Preston et al. (1992) estiment que la théorie de l’agence ne permet pas d’expliquer les modes de création des systèmes spécifiques de contrôle et la manière dont ces systèmes changent. De surcroît, la théorie de l’agence explique la nature des systèmes de contrôle et de budgétisation en fonction des intérêts prédéterminés des principaux et des agents. Or, les intérêts émergent au cours du processus de création des systèmes budgétaires et peuvent changer par la fabrication des systèmes budgétaires. Les intérêts n’existent pas indépendamment des systèmes budgétaires.

125 Dominantes jusqu’au début des années 1980, les approches fonctionnalistes ont commencé à faire l’objet de plusieurs critiques. La principale réside dans l’incapacité du courant dominant à rendre compte des phénomènes observés (Morales et Sponem, 2010). De surcroît, le modèle dominant a été critiqué pour sa difficulté à rendre compte des situations telles qu’elles sont vécues par les praticiens et son incapacité à leur proposer des solutions qui leur paraissent utiles. Selon Bromwich (2007, p. 14), « ce type de recherche, très technique et formel, ne peut être transféré directement dans les pratiques ». Ainsi, « dans de nombreux cas les théories économiques ne peuvent pas expliquer de manière complète les pratiques observées » (Ittner et Larcker, 2001, p. 395), et « les disciplines économiques ne donnent pas une image suffisamment riche et claire des activités internes de l’organisation pour guider les concepteurs de systèmes de contrôle » (Otley, 1999, p. 363).

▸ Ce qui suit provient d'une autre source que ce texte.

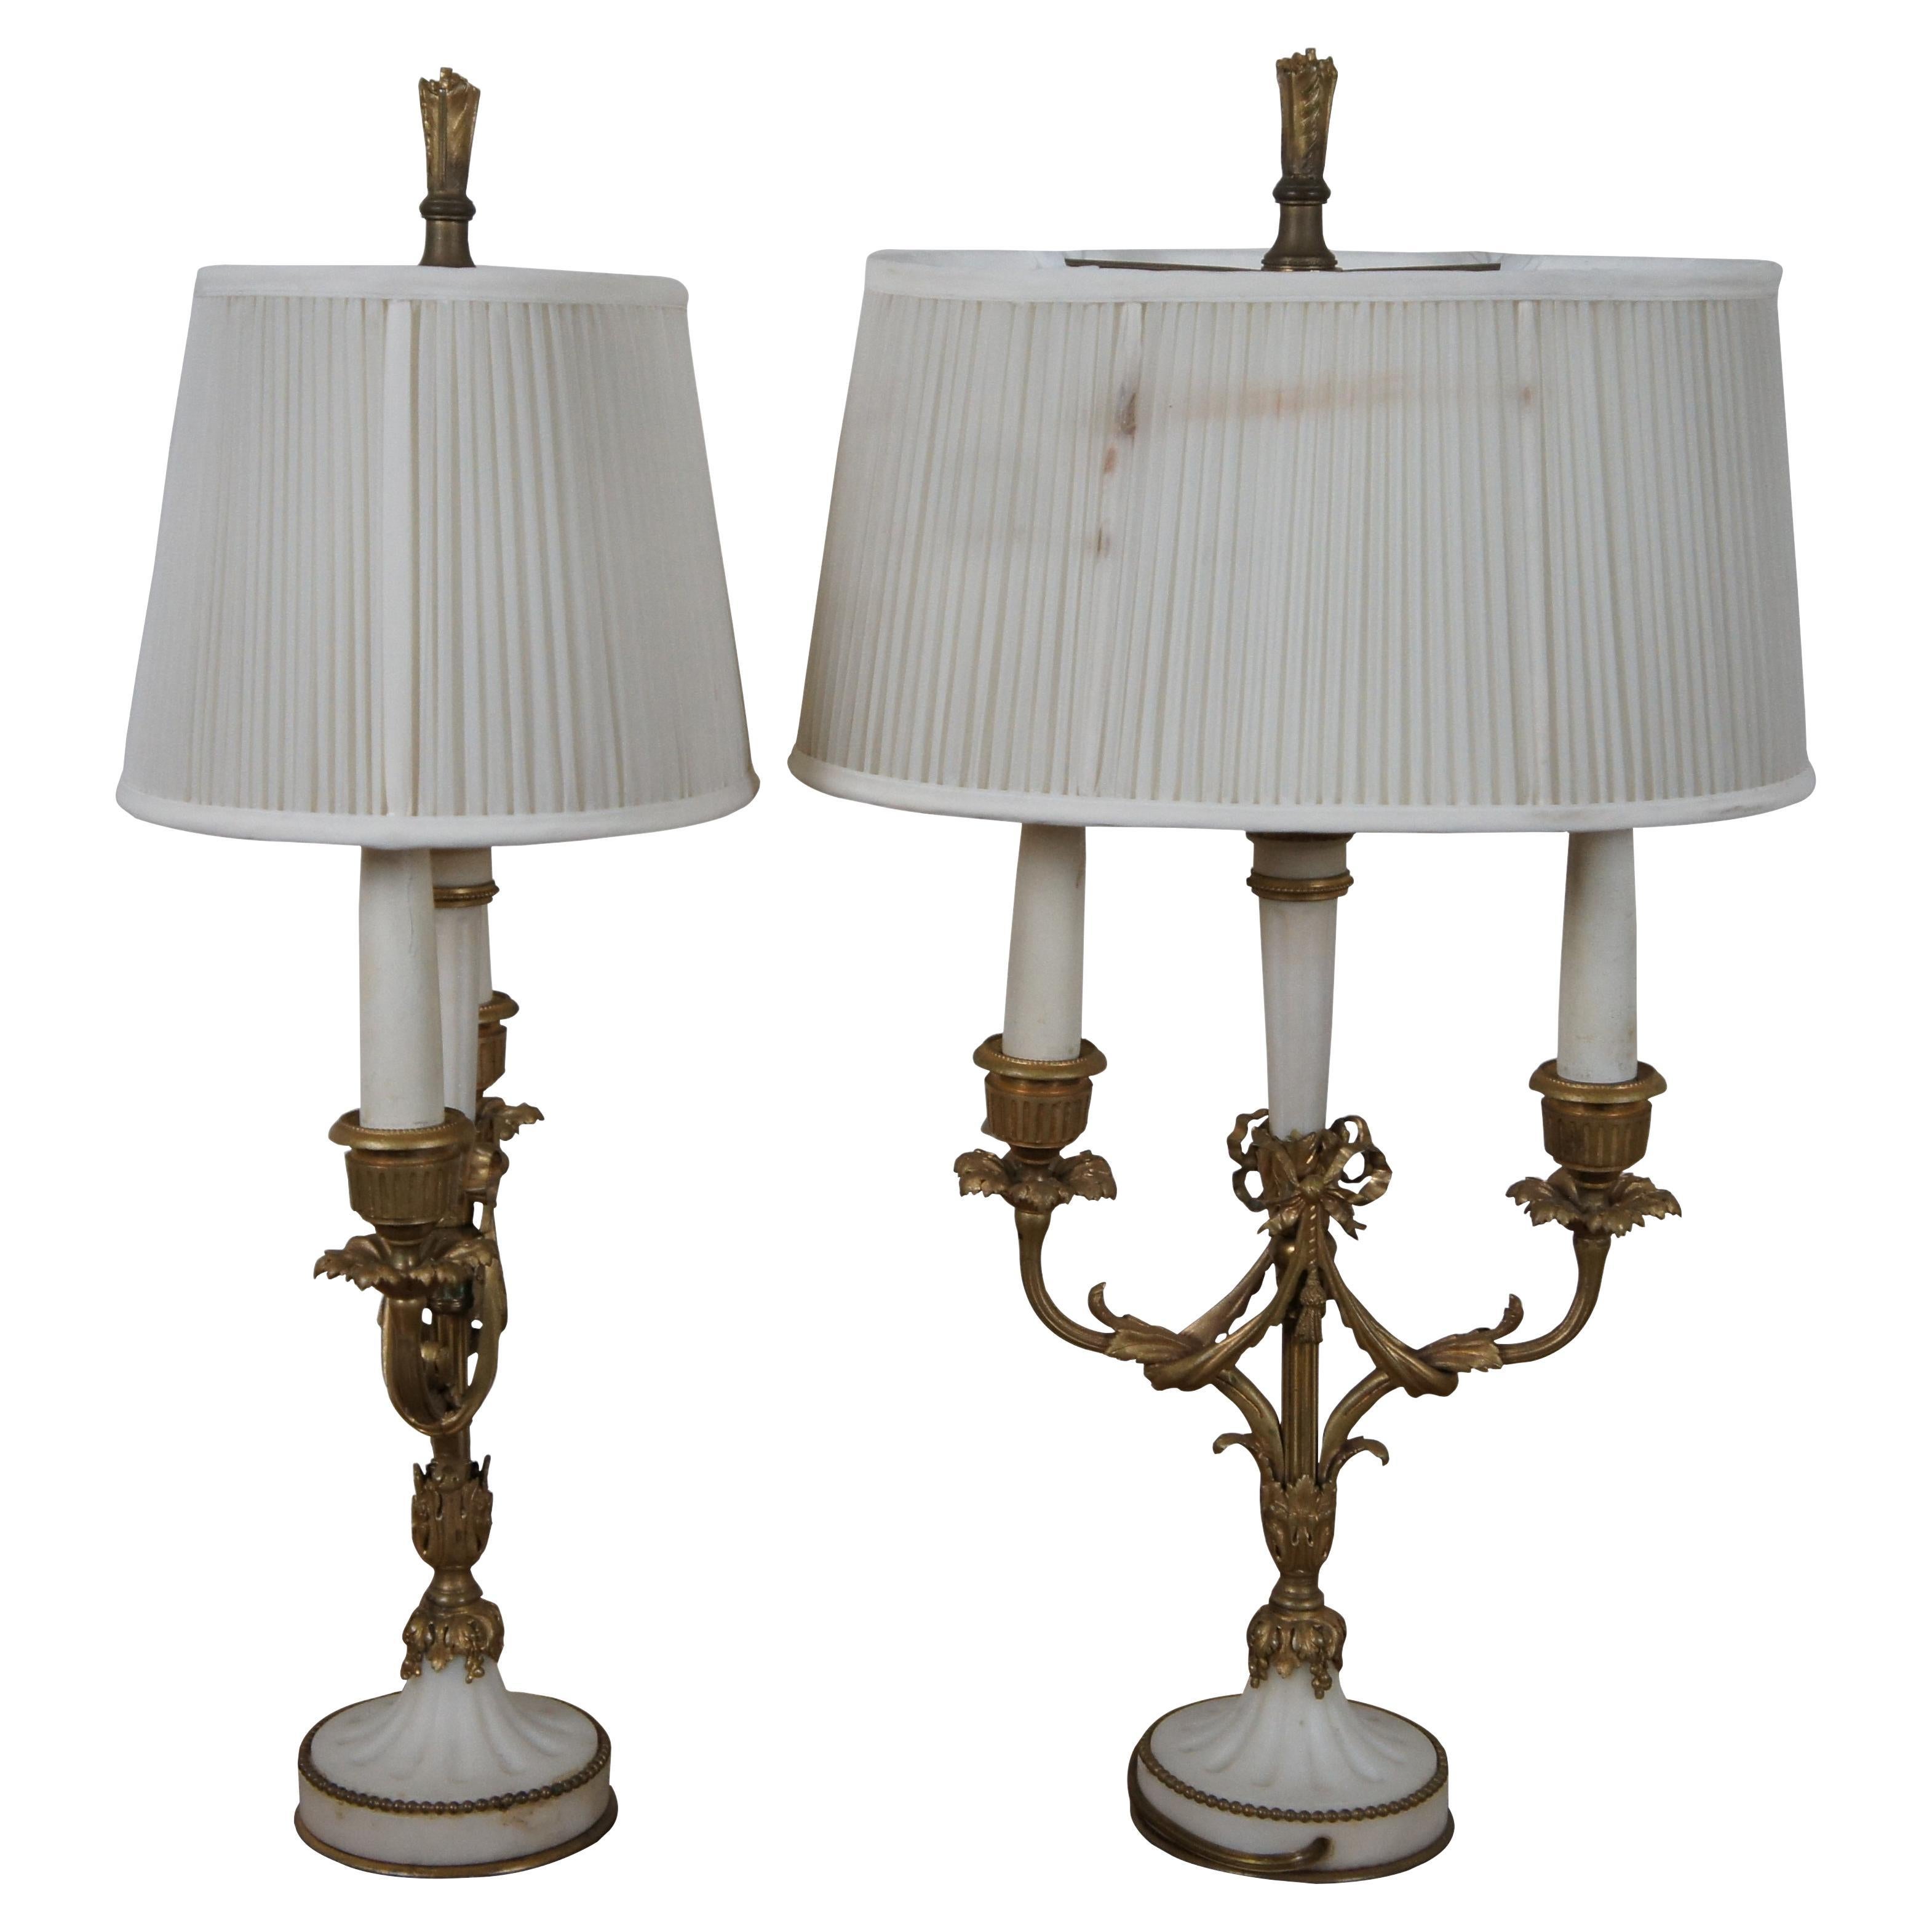 Paire d'anciennes lampes de table bouillotte néoclassique française à deux lumières, avec des accents de pierre d'albâtre blanche et des cannelures complexes en bronze doré. Le corps et les bras présentent un motif floral d'acanthe et de ruban, avec

Le point commun entre les courants critiques envers le courant dominant en recherche en contrôle de gestion est la non-adoption des postulats économiques et une conception du contrôle comme « phénomène à la fois organisationnel et social » (Hopwood, 1976, p. 3). Il s’agit notamment de prendre en compte de manière plus explicite des « questions de pouvoir, d’influence et de contrôle » (Hopwood, 1976, p. 3).

Le contrôle de gestion peut être étudié à travers une approche moins objectiviste et moins réaliste. Cette manière d’étudier abandonne les abstractions des approches économiques et adopte une logique de l’interaction, des actions et du réseau (Macintosh et Quattrone, 2010). En effet, les modèles économiques, les métaphores biologiques et les compréhensions structuralistes sont utiles mais laissent peu d’espace à l’interprétation, à la subjectivité et au relativisme dans la compréhension de l’information produite par un système de contrôle, de ses conséquences et de la manière dont cette information est utilisée.

Une variété de théories et un nombre d’approches méthodologiques différentes commencent à être utilisés pour étudier les pratiques du contrôle de gestion. Ces nouvelles approches visent à étendre le domaine théorique, de l’économique à un travail interprétatif et des perspectives critiques fondés sur la théorie sociale.